Nick Ball offers insights into how your travel brand can promote sustainability in different ways to match your customers’ personal values.
As the sustainable travel sector continues to grow, more and more travellers are seeking out holiday experiences that align with their own values on sustainability. For some travellers, this could be as simple as reducing their use of plastics on holiday, while others choose to take a more holistic approach to all areas of their holidaying experiences – from what they take to where they stay – so ensuring you’re well-prepared to accommodate this will help future-proof your travel business both this year and beyond.
SOURCE LOCALLY
Relevant to restaurants, hoteliers and even private property owners, looking to source your food, furniture and other amenities locally will undoubtedly reduce the negative environmental effects that the transporting of such goods creates. By ensuring you look to work with local suppliers – whether this is in regards to food or furnishings – you’ll work to reduce the distance your items need to travel to get to you, eliminating transport costs and CO2 emissions in the process. As an added by-product, using local suppliers could also help to build a better rapport with those in the immediate area, bolstering your business’ reputation and brand awareness.

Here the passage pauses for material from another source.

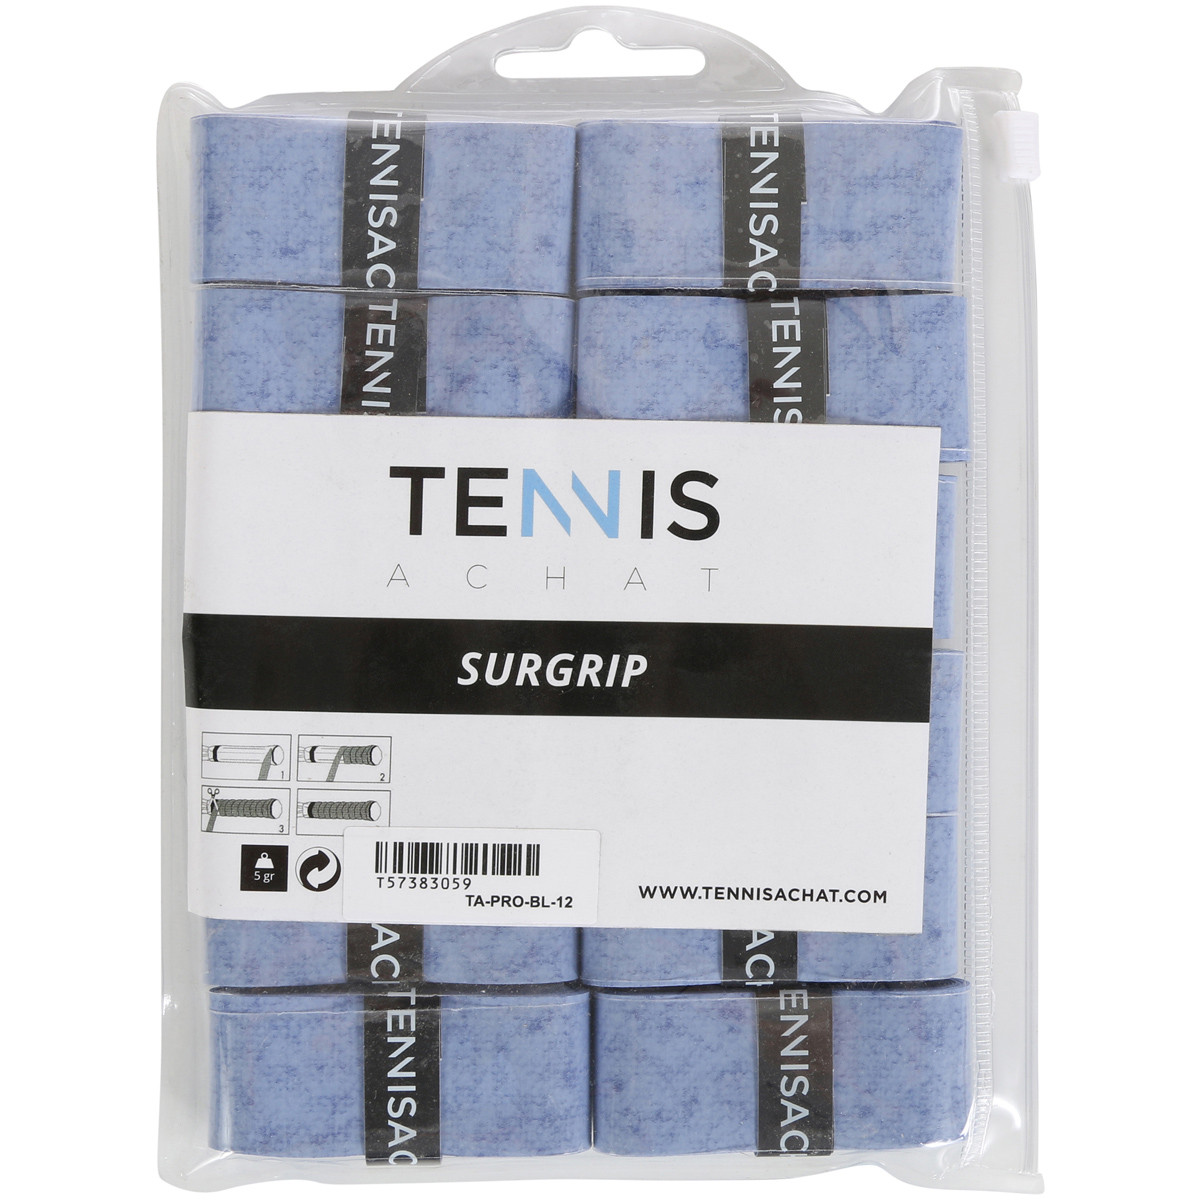 12 Surgrips Tennis Achat Sensation Bleus

Be sure to let your guests know where such goods have come from and their relation to where they’re staying – making travellers feel more welcome and at one with their holiday environment. By locally sourcing items close to where you offer your services, you’ll be investing in the area and future-proofing both it and your business (indirectly) as a result – all while doing your bit to promote an eco-friendly ethos to visitors and residents alike.
REDUCE USE OF PLASTICS
Where possible, try to actively reduce your consumption of single-use plastic within your business. For example, if you’re a tour operator regularly taking groups of tourists for long scenic walks in the wilderness, be sure to prompt them to bring their own, reusable water bottle ahead of the trek. Conversely, for those who didn’t get the memo, start your trip off at a local shop that sells such items – encouraging your tour members to buy a reusable water bottle while giving back to the local community.
For hoteliers on the other hand, instead of leaving complimentary toiletries in your guests’ room which they’re likely to throw away once used up, provide visitors with reusable bottles which they can ask you to refill when in need of a top up. By buying toiletries in this wholesale nature, not only are you likely to save money, but you’ll be reducing your plastic waste and encouraging travellers to think about their own waste output, too.
CONSIDER SWAPPING TO SELF-CATERING
While providing fully catered services might make your accommodation stand out as the ultimate holiday getaway to prospective travellers, making the move to self-catered accommodation will encourage your guests to be more sustainably conscious during their trip away. So, whether you’re renting out a luxury Lanzarote villa or your guest house has a self-service kitchen area that your guests can make the most of out, by allowing your visitors to choose how they use water, local ingredients, heating and air conditioning you’ll be taking an active part in helping to reduce theirs (and your business’) environmental impacts.
In addition to this, for those of you offering a self-catered accommodation, that’s not to say that you can’t offer a transportation service to ensure your visitors are well looked after and content with your overall services. By working with other hotels and independent accommodation providers in the area, you’ll be able to offer group airport transfers that reduce carbon emissions compared to multiple taxi journeys while retaining customer satisfaction value too.
Still considered a niche market, sustainable travel is a rising trend worth investing time, money and effort into to attract a new generation of consumers that are likely to become the norm in coming years. So, wherever possible, it’s important to adapt your travel business to suit their needs and those of the wider planet – helping you to build your brand for longevity while doing your bit to reduce your business’ carbon footprint in the process.